Parallel system when the time to repair of the components becomes very large.

Question

A component has a mean to to failure $U$ and a mean time to repair $D$. Two of these components are combined into a parallel system. In other words, we need just one of the components to be working for the system to be working. A natural question is what the mean time to failure and mean time to repair for the system become. On page 614 of "Introduction to probability models" by Sheldon Ross (9th ed), this exact scenario is described (as a consequence of equations 9.32 and 9.33 we get the MTBF of the system ($\bar{U}$)), which is also calculated on that page for a parallel system:

$$\bar{U} = \frac{1-\left(\frac{D}{U+D}\right)^2}{\left(\frac{D}{U+D}\right)^2} \frac{D}{2}$$

Now, what happens when the mean time to repair of the components, $D$ becomes very large? When I calculate the limit of the above expression as $D \to \infty$, I surprisingly get $\bar{U} = U$.

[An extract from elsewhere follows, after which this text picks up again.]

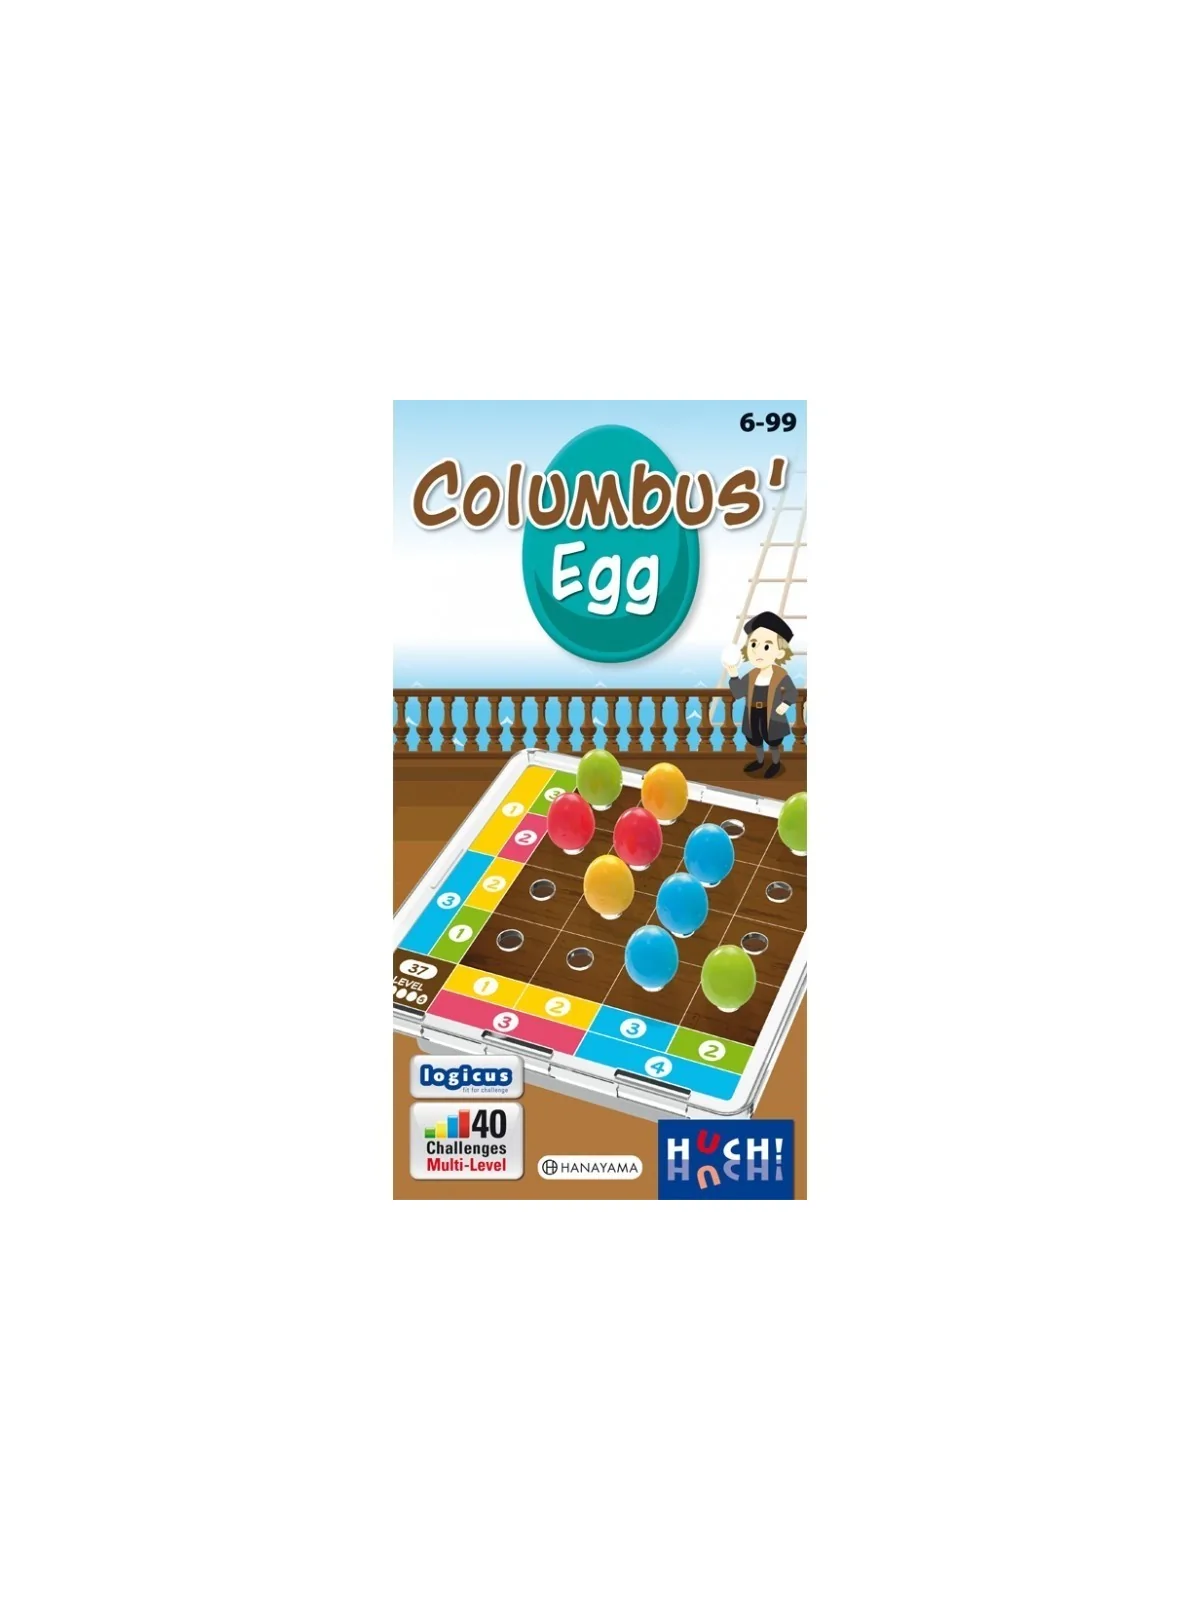 Comprar Columbus' Egg (Inglés) barato al mejor precio 14,35 € de Huch 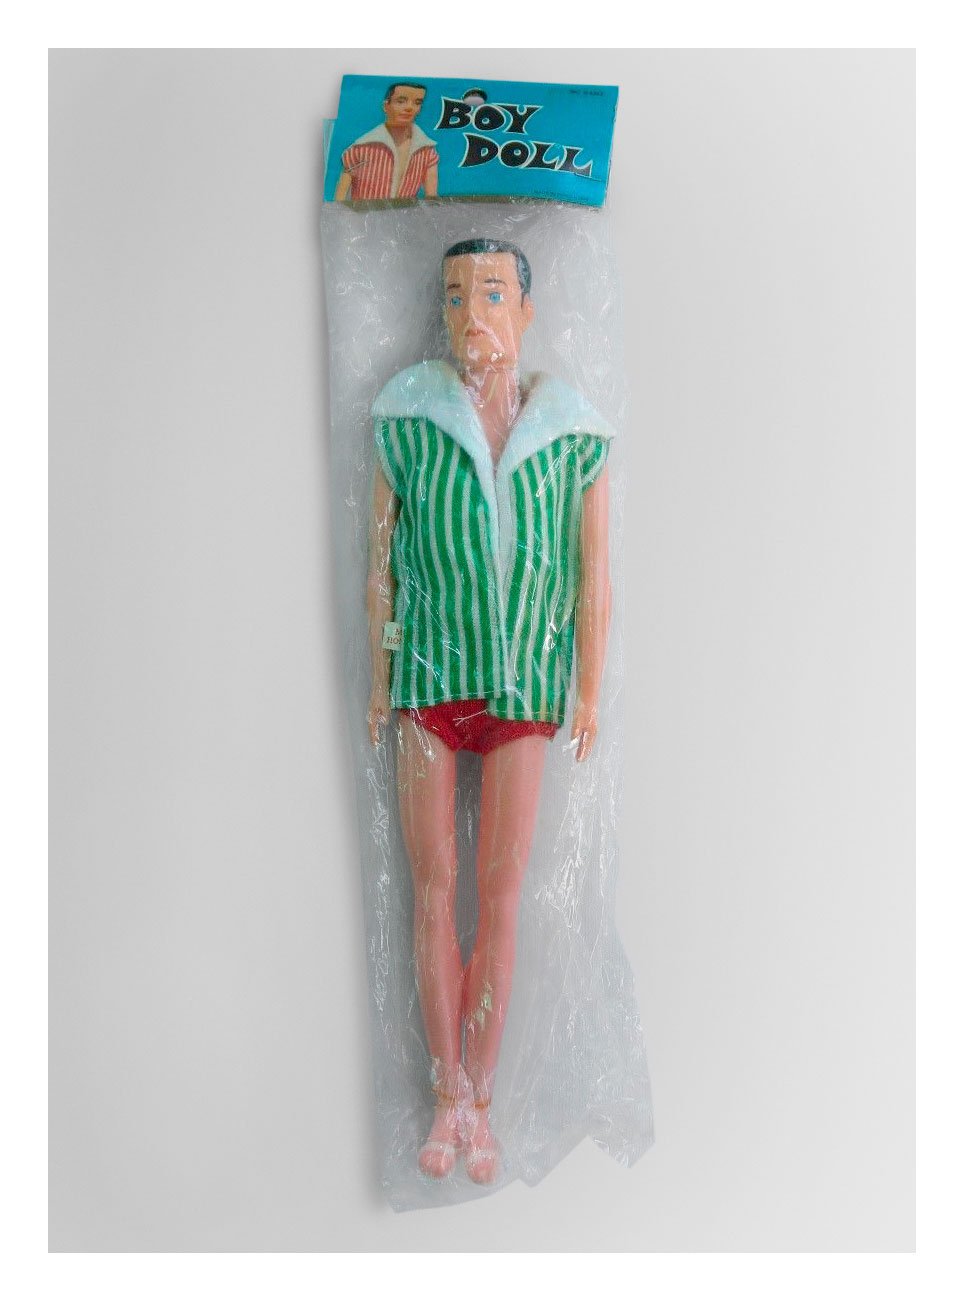 Boy Doll in original packaging

This doesn't make sense since if we consider the time to repair of the components as exponential, we should see one failure of the system at the max of the times to repair of the two components. And the average of this time should be double the average of the time to failure of the components, not the same. What am I missing?

Answer 1

It should not be surprising because most of the time the system is running one of the components is broken. In that case the MTBF of the system is the same as the MTBF of one component. In fact, most of the time the system is down completely. You get one component repaired and it runs until it fails. Then both are broken and the system is down.

As an example, imagine MTBF of a component is 1 hour and MTTR is 1000 hours. You start with both working. After about a half hour one of the two components fails. After about another hour the other fails and the system is down. You are down for about 1000 hours until one component is repaired. Unless the other gets repaired in the next hour, you will only run for about an hour before the newly repaired one fails. On average you are up for 2 hours out of every 1000, about 1 hour at a time.

Checking limiting cases like this is a good check of formulas. If you made an error in the derivation, it often shows up in one of the limiting cases. You can often find answers to the limiting cases without using your derivation, as I did here.